Our First Egg!
What an exciting day! Kylie brought me this egg that she found in the chicken coop. I held it up to the keyboard of my laptop for a reference point. It is itty-bitty and oh so cute. I'm not sure I will be able to use it as food. Is it ok to save the eggs just to look at? It feels a little like eating my grandchildren. I'm sure I will get over it when I need it. It's just kind of strange to think about it.
After I took the picture, I ran out to try to figure out which chicken laid it. I started by trapping all of the chickens in the coop (since the run is to short for me to get into it), climbed in there with them, and began examining the chickens' vents (the exit for all things coming out of the chicken) of whose gender I am not completely certain. I found that several appeared to be ready to lay eggs (according to what I read in a book), but found no evidence (I was looking for a trace of blood or something -- since there was a little bit of blood on the egg) that the egg had come from any of them. Then just for the heck of it I checked the chickens that I am fairly certain are roosters. I thought I had figured out (from looking at the vents) how to tell which ones were roosters, so then I examined the others and found that they all had what I thought were boy parts.

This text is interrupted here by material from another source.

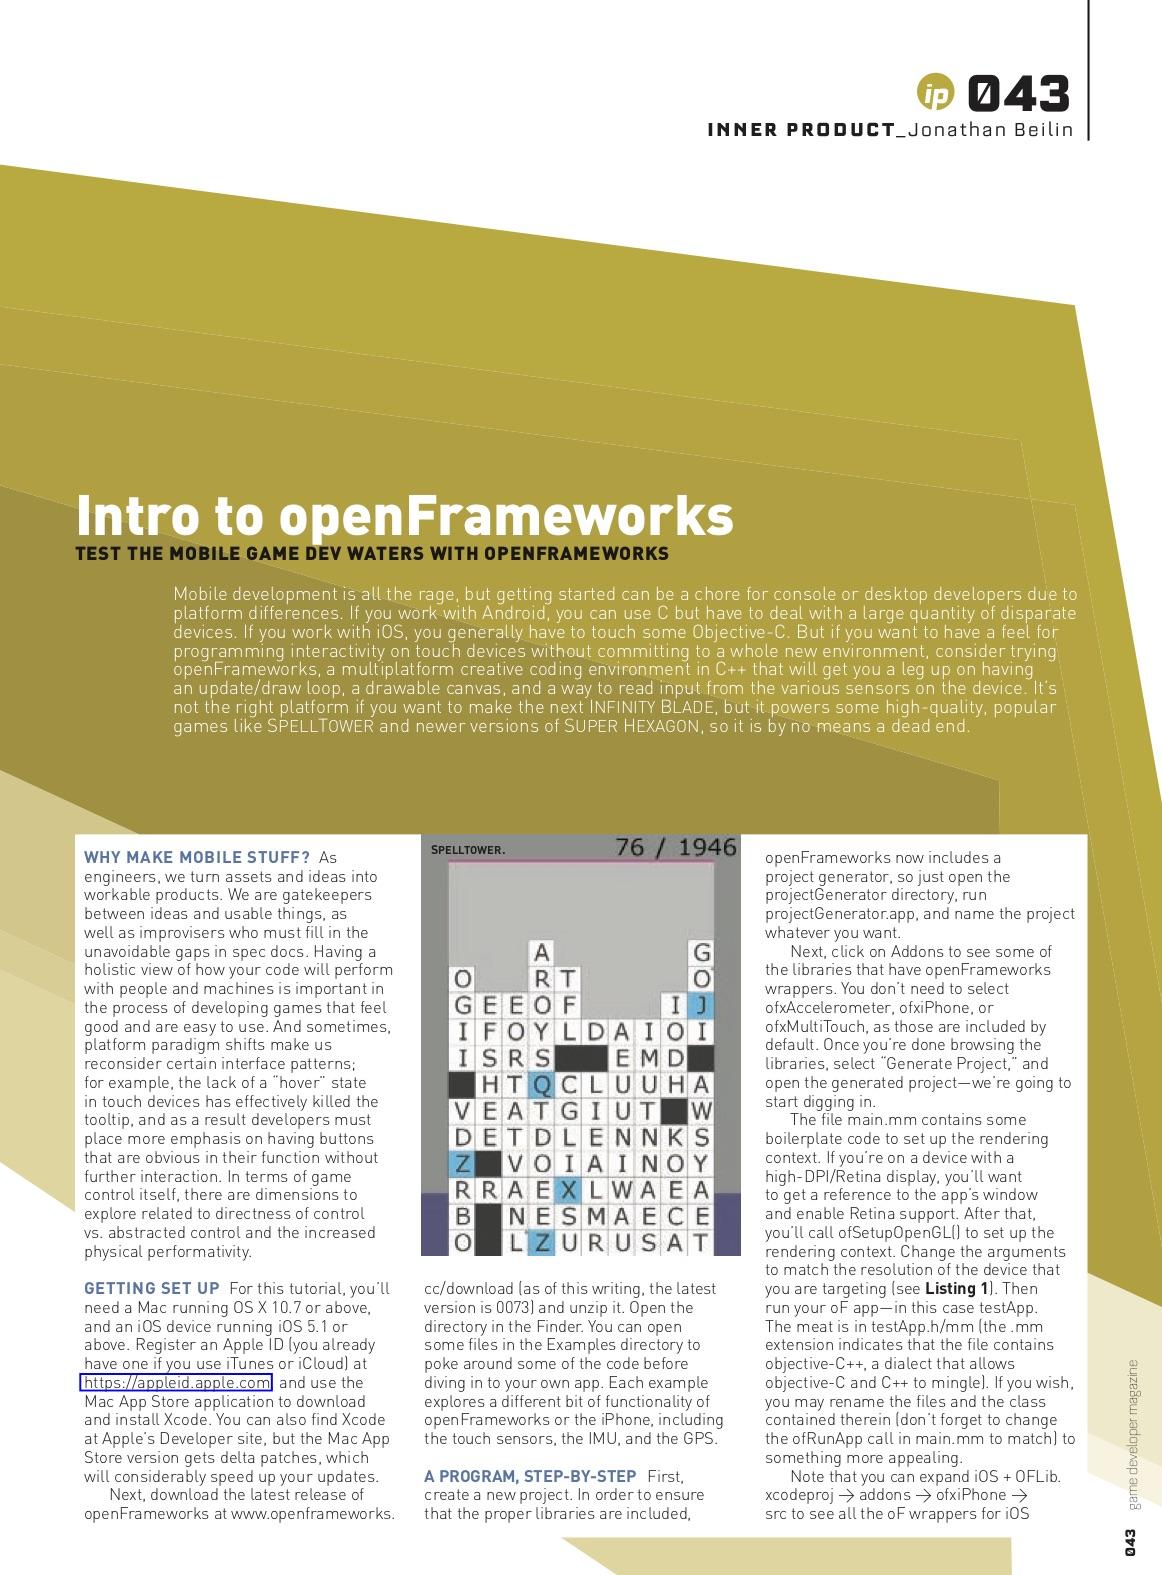 GDM_January_2013 - openFrameworks article 02.jpg
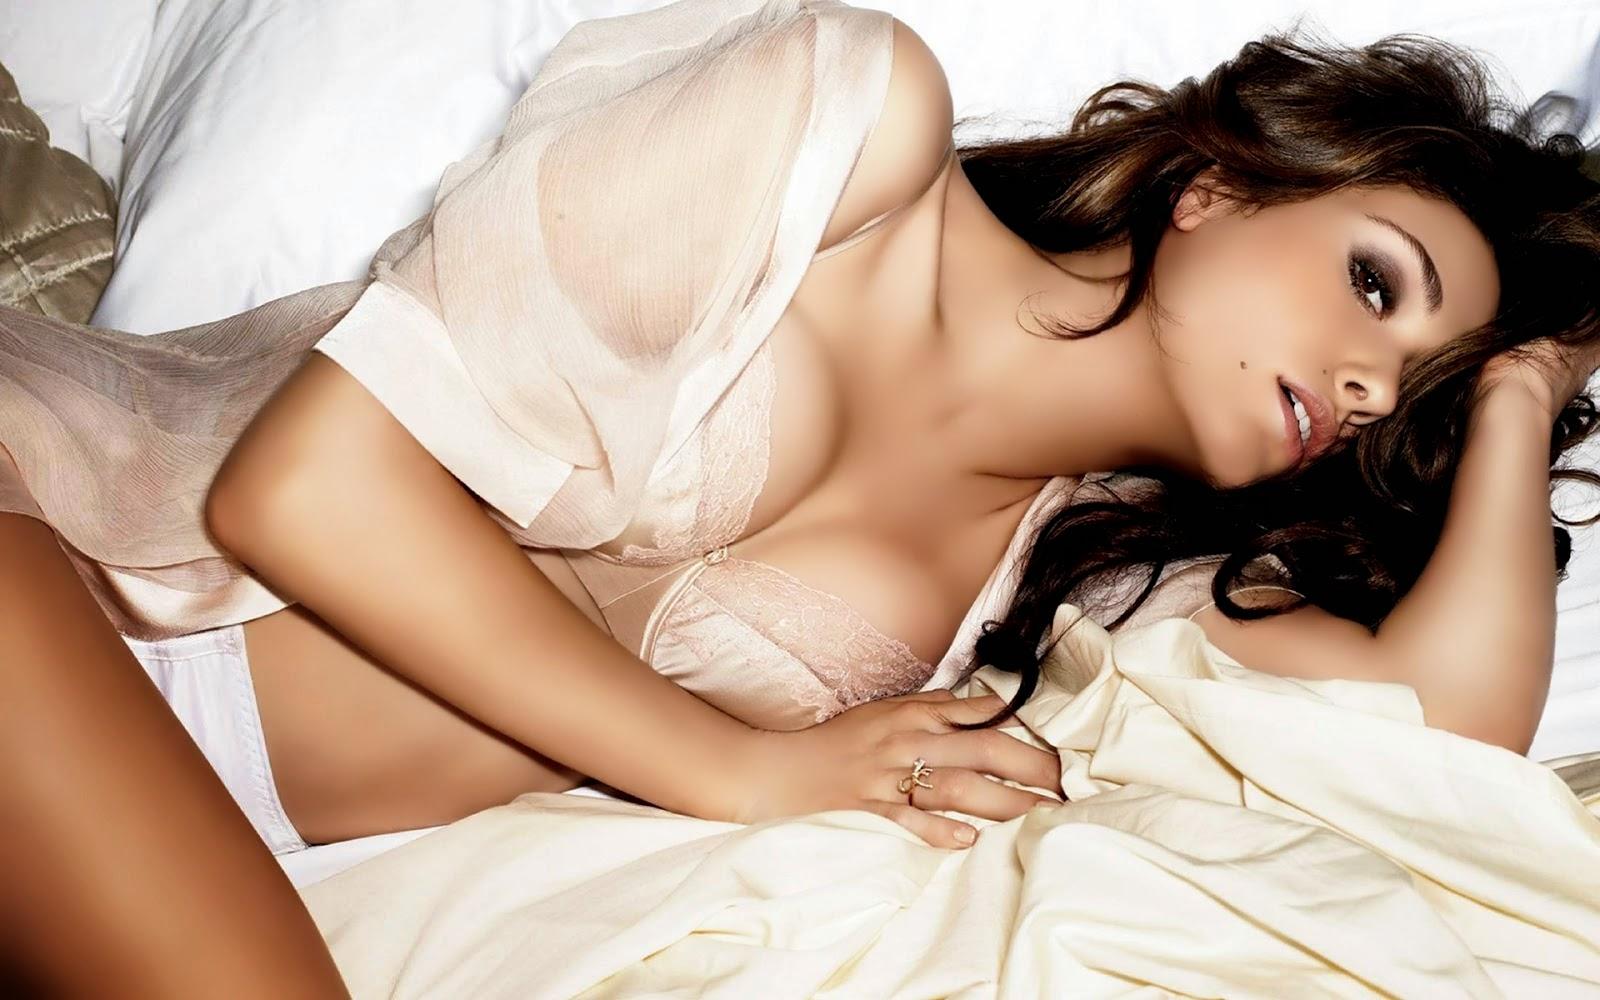 Emmy Rossum desnuda en Shameless 4x01 La

At this point I was totally confused to say the very least! So I ran in the house to ask my close friend, Google. You have to be very careful typing in things like "sex of chickens" and "chicken genitalia". (Just FYI.) All the information said the same thing. You tell the gender of a chicken by three main things: 1--roosters crow, 2 -- roosters have spurs on their legs, and 3 -- roosters have more pronounced combs. That doesn't help me! I know four of the chickens are roosters. They crow. Their combs are more pronounced than the other chickens, too. The problem comes in the fact that most of my chickens are different breeds and I don't know their ages, so how do I know whose comb just hasn't started to develop yet? I decided to let the spurs on the legs be the determining factor. (The lady on the You Tube video said that no matter what the breed of chicken, all roosters have spurs.) I went back out to the coop and trapped all the chickens in the coop again and climbed in. I captured each one starting with the known roosters so I could be sure what I was looking for. The first rooster had spurs. The next rooster did not. I looked again and felt up and down the poor chickens legs. Then I found something that might be considered a spur in its beginning stage. I worked my way through all of my chickens. They all had spurs! Either I am the worst chicken examiner, or someone is messing with me!
I give up. I'm just going to stake out the chicken coop and see who lays the eggs. What do you take to a chicken stake out? Donuts?
I have probably traumatized the poor things so badly they won't lay for several days again.